Kitabı oku: «В апреле сорок второго…», sayfa 2

Yazı tipi:

Шерлок Холмс проваливается под лед

Мы спускаемся к реме. Берег высокий, обрывистый. Сапоги сбивают каменную крошку, живые шуршащие струйки стекают ниже. Год назад в альплагере инструктор рассказывал нам о том, как коварны осыпи, и мы принимали это всерьёз. Забавно!

Мы ждём какой-нибудь час, а фронт уже кажется каким-то далёким. Где-то аукают два орудия – словно в другом мире. Облака плывут над нами, сквозь серое и белое уже густо проступает синева. В этих местах река похожа на заячий след: кружит, петляет, бросается из стороны в сторону. Пожилой ездовой Галкин, который знает абсолютно всё, даже больше, чем Гельтур, рассказывал мне, какой здесь бывает разлив. Река затопляет все окрестные низменности и становится похожей на озеро, заросшее камышом. Только вместо камыша верхушки затопленных деревьев.

Сколько дней осталось до паводка? Хоть бы не меньше пяти!

Спустившись с обрыва, мы долго бродим по низине – отыскиваем место для переправы. Продираемся сквозь густой кустарник, еще по-зимнему жесткий и ломкий, и он мстительно хлещет нас, норовя ударить по лицу.

В просветах сквозь мутноватую воду видно, как шевелится на дне какая-то жуткая растительность да лохматится мох на рыжих камнях.


Кажется, бродим мы напрасно, лёд отошел от берега уже повсюду. Он лежит на реке, как огромный белый плот.

В просветах сквозь мутноватую воду видно, как шевелится на дне какая-то жуткая растительность да лохматится мох на рыжих камнях.

Что ж, будем прыгать. Я разбегаюсь, отталкиваюсь посильней…. Ничего, держит! Трещит, а держит.

Филенко тоже прыгает. Из свежей трещины у него под ногами быстро сочится вода.

Теперь вперед, скорее вперед.

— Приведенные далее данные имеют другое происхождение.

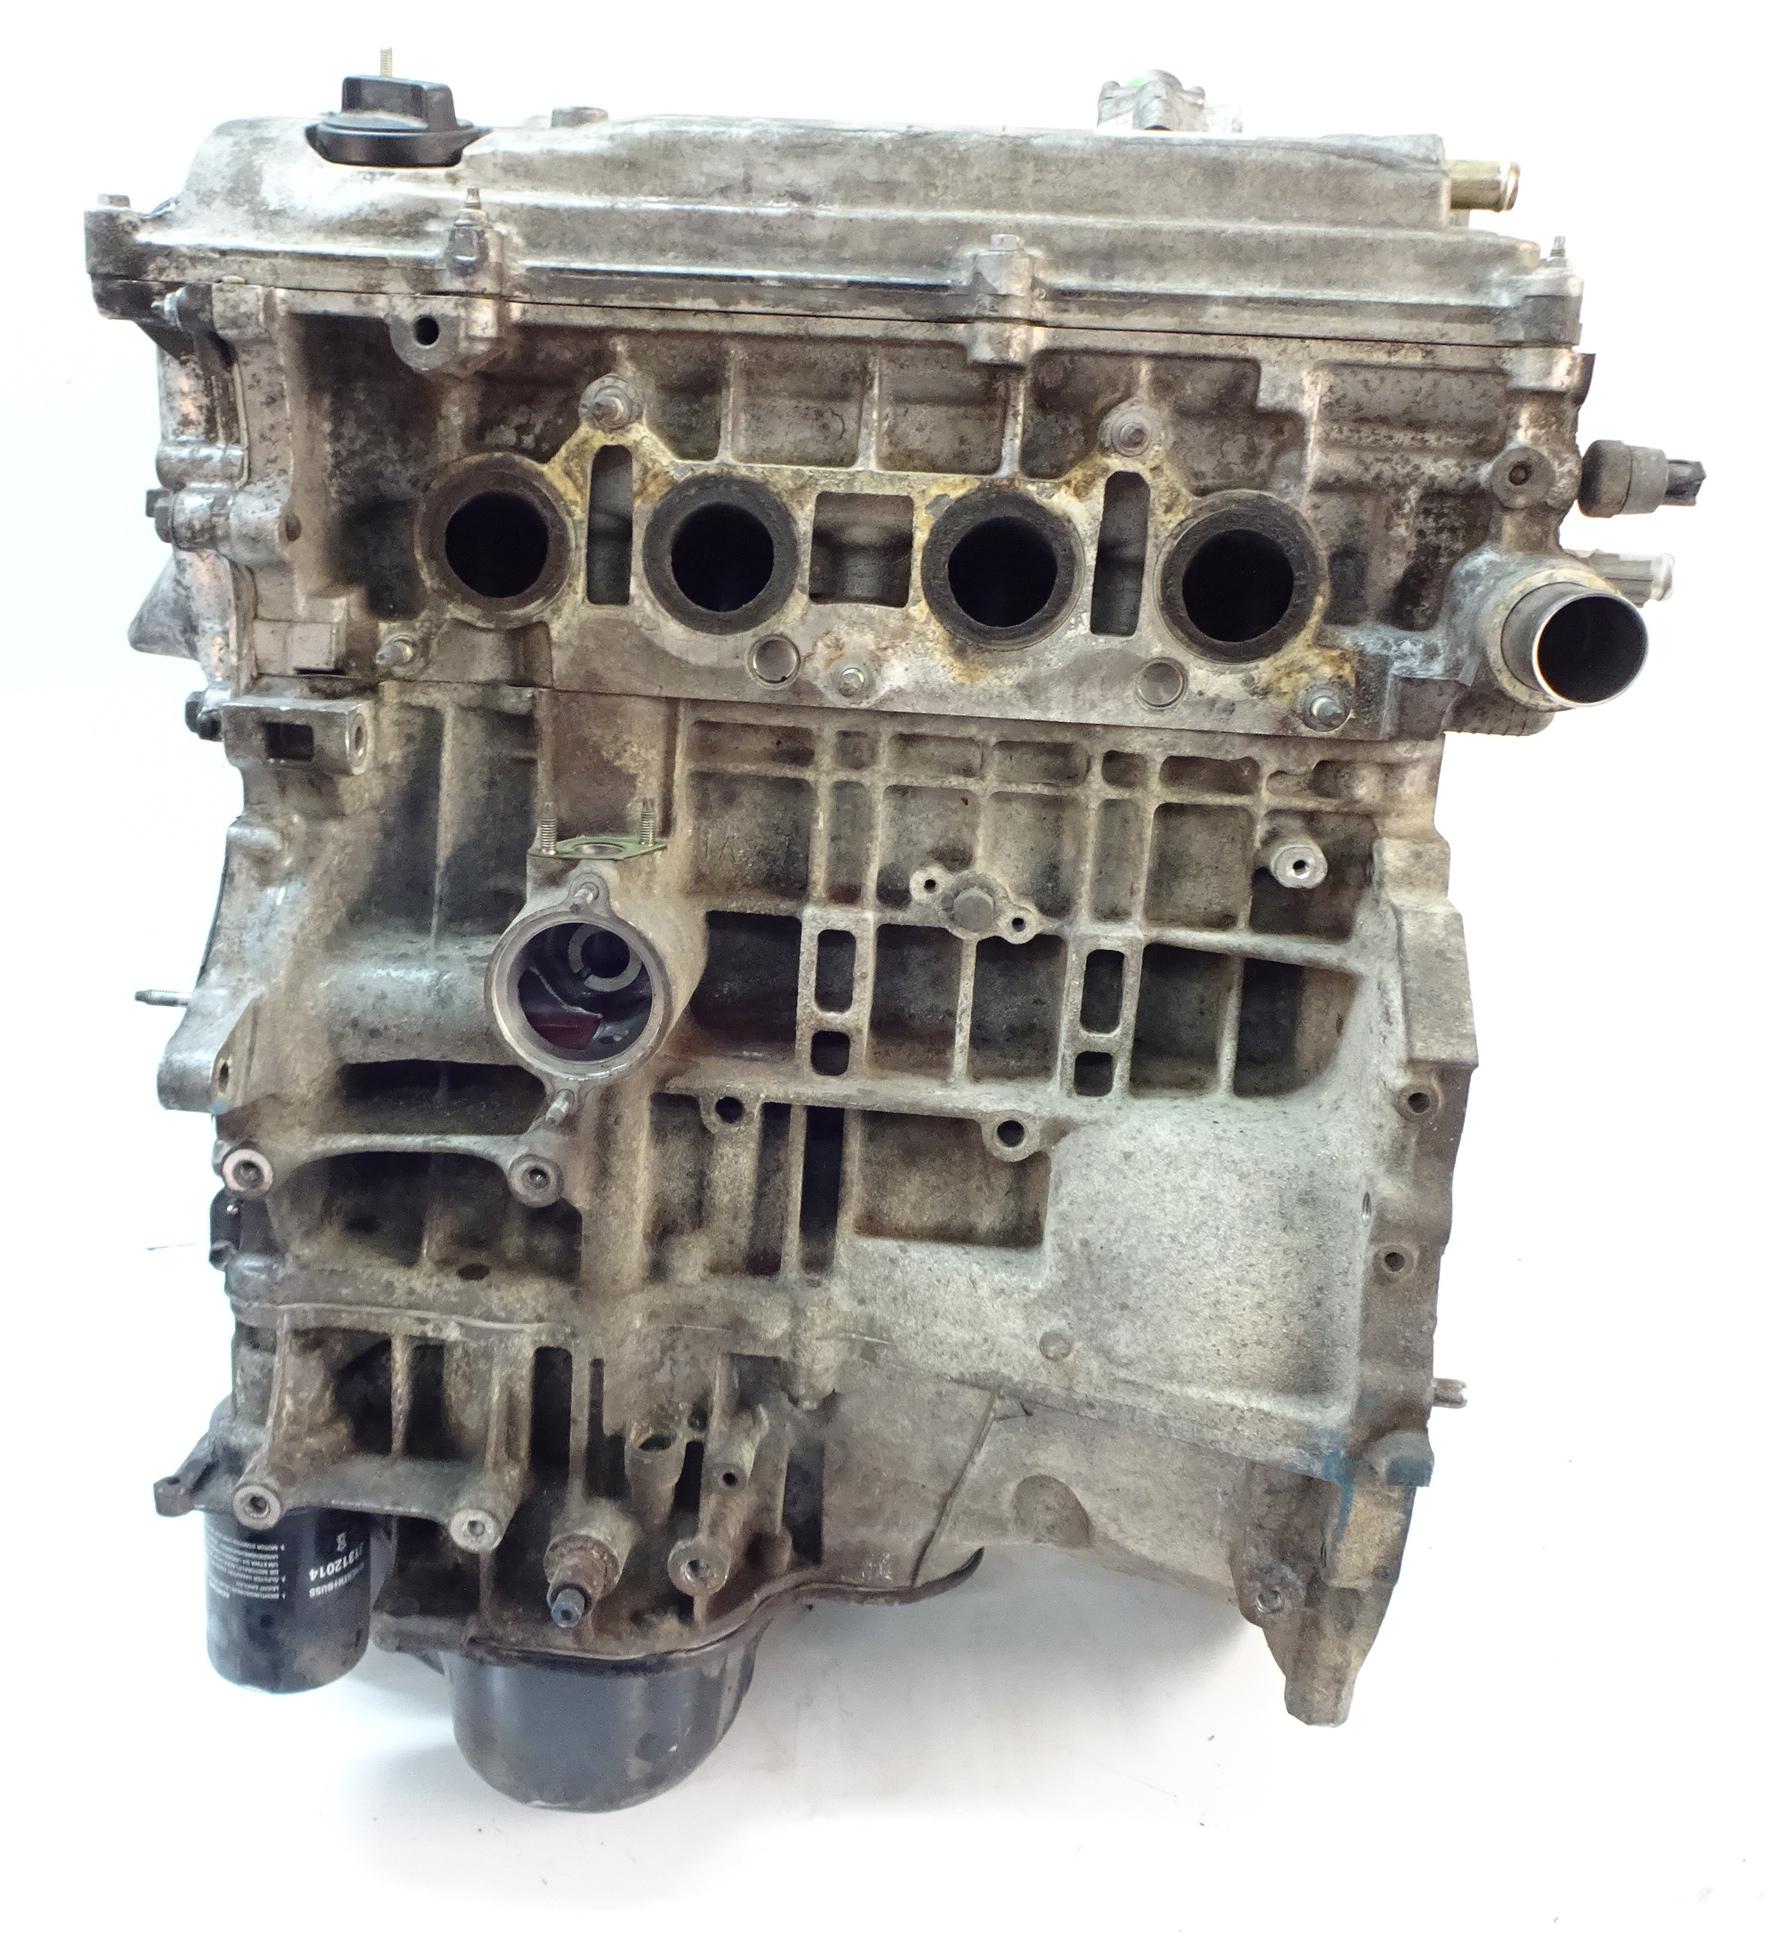 Motor 2004 für Toyota Avensis T22 T25 2,0 VVT-i 1AZ-FSE 1AZ

Но скорее не получается. Делаю три шага – лёд трещит. Иду в сторону, а там лужица. Местами снег серый, местами белый, где же лёд надежней! Серый – это, наверное, от воды. Так что, пожалуй…

– Товарищ лейтенант, – говорит Филенко, – а ну я…

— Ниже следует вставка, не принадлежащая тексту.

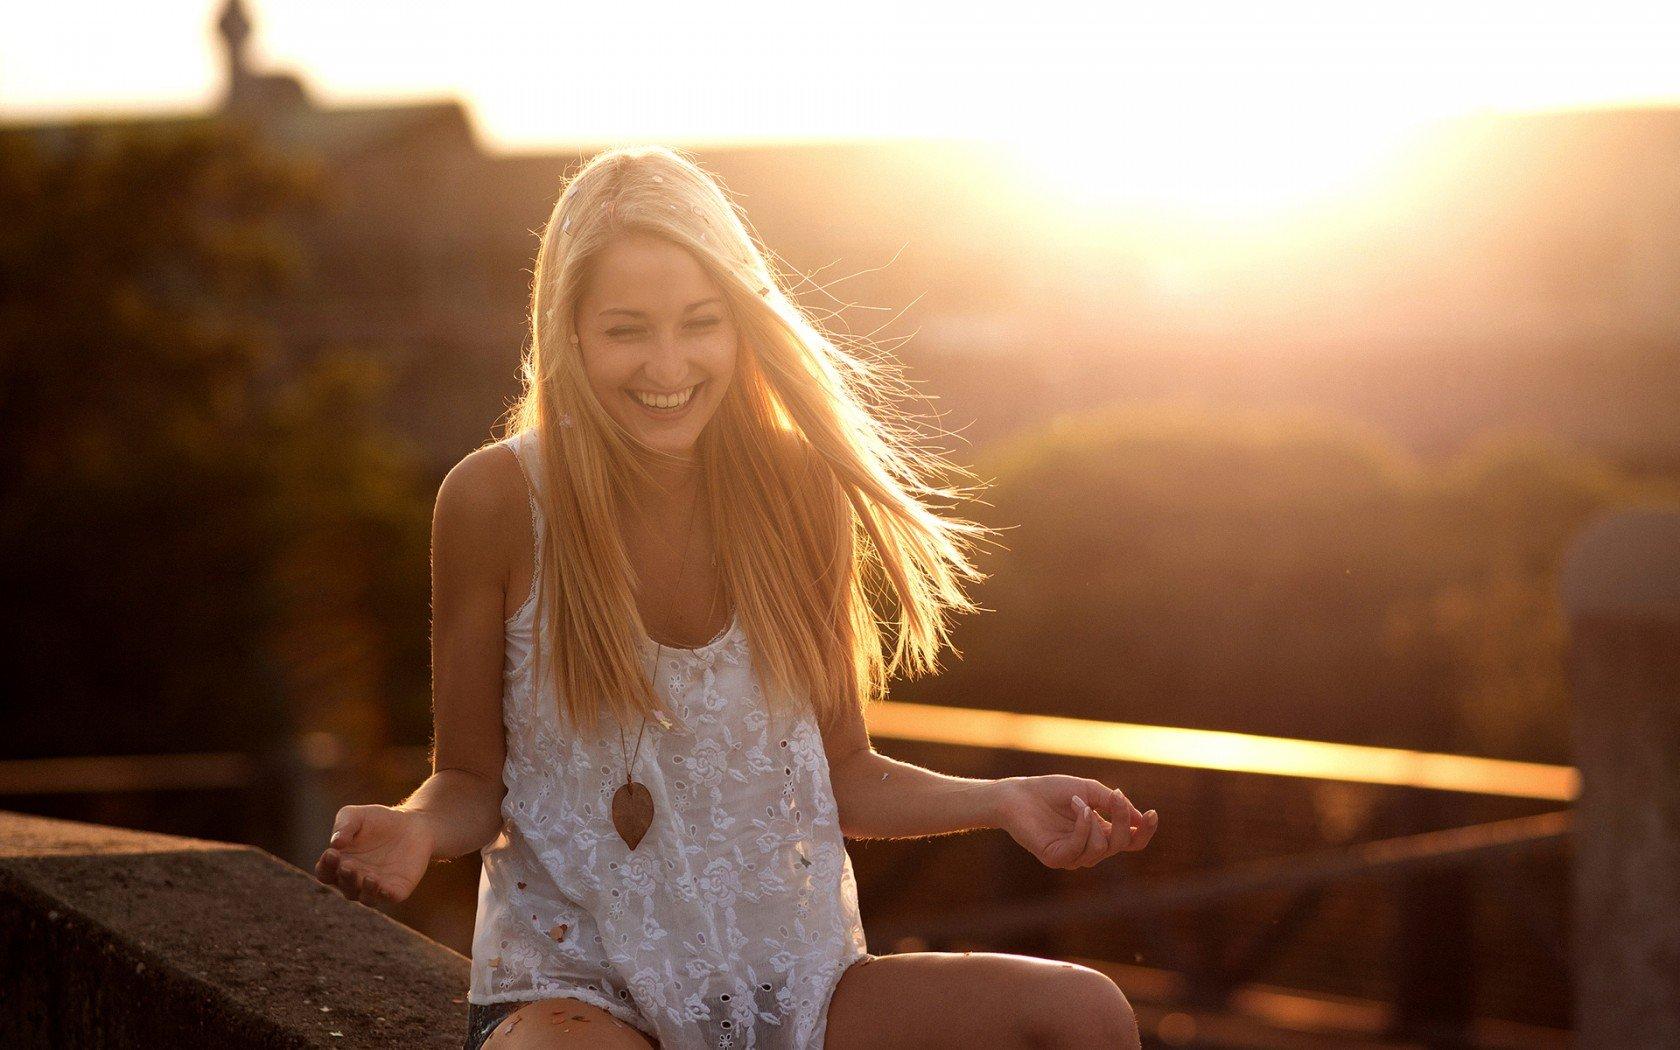 katrin-smeh-radost

Он быстро идёт впереди, уверенно отклоняясь то вправо, то влево. Мы делаем хитроумные зигзаги. Улыбаясь, солдат поясняет:

– Ще от таким пацаном по льду бигав. Наша школа за ричкой була…

И вот перед нами поросший лесом другой берег, который через пять шагов станет нашим берегом. Вернее, через четыре шага и один прыжок. Первым прыгает Филенко.

– Ось тут повужче, – говорит он мне уже с берега, показывая пальцем.

– Да ладно…

Я снова разбегаюсь, снова отталкиваюсь изо всех сил. Под ногой – словно вата, толчок не получился. А, чёрт! Успеваю забросить на берег свою палевую сумку… Филенко тычет мне приклад автомата… Плеск, холод, ледяные брызги в лицо…

Цепляясь за ветки кустарника, выбираюсь из воды. Впрочем, «выбираюсь» – понятие относительное. Вода в сапогах, в шинели, в гимнастерке. Вода течёт по мне. И холодно, до чего же холодно! Только ушанка сухая.

А ведь шло так хорошо! Один неверный шаг, в самом прямом смысле слова, – и все пропало.

Ну, что делать? Идти дальше? Пока доберёмся до жилья, можно совсем застыть. До Кременного километров пятнадцать. Идти назад?

Я стою на берегу мокрый, растерянный, злой на весь свет.

– Посушимося, товарищ лейтенант?

Я молча гляжу на него.

– Вы поки що скидайте все, а мою шинель надинте. А то як бы не простигнуть.

Ефрейтор ломает ветки ближайших кустов, складывает их шалашиком.

Я сбрасываю шинель, сапоги, бриджи. Шинель Филенко велика мне, завертываюсь в нее, как в одеяло. Ефрейтор проворно сгребает прошлогодние листья, ломает ватки. Потом достаёт кресало.

…Горит костер. От жухлых листьев валит дым, от сырой одежды – пар. А я сижу у огня, гляжу с наслаждением на его рыжие вихры и никак не могу устроиться так, чтобы тепло было и ногам, и спине. Любопытно, а Шерлок Холмс когда-нибудь проваливался под лед?.. Ладно, что там Шерлок – это дело старое. А вот если бы сейчас попался мне Рудольф Собачников, былой властитель моих дум, я бы – я бы искупал его в проруби и не дал сухих кальсон. Пусть в следующей приключенческой повести не забудет упомянуть, что, кроме прозорливости, смелости и глубины психологического анализа, настоящему следователю необходима запасная пара белья…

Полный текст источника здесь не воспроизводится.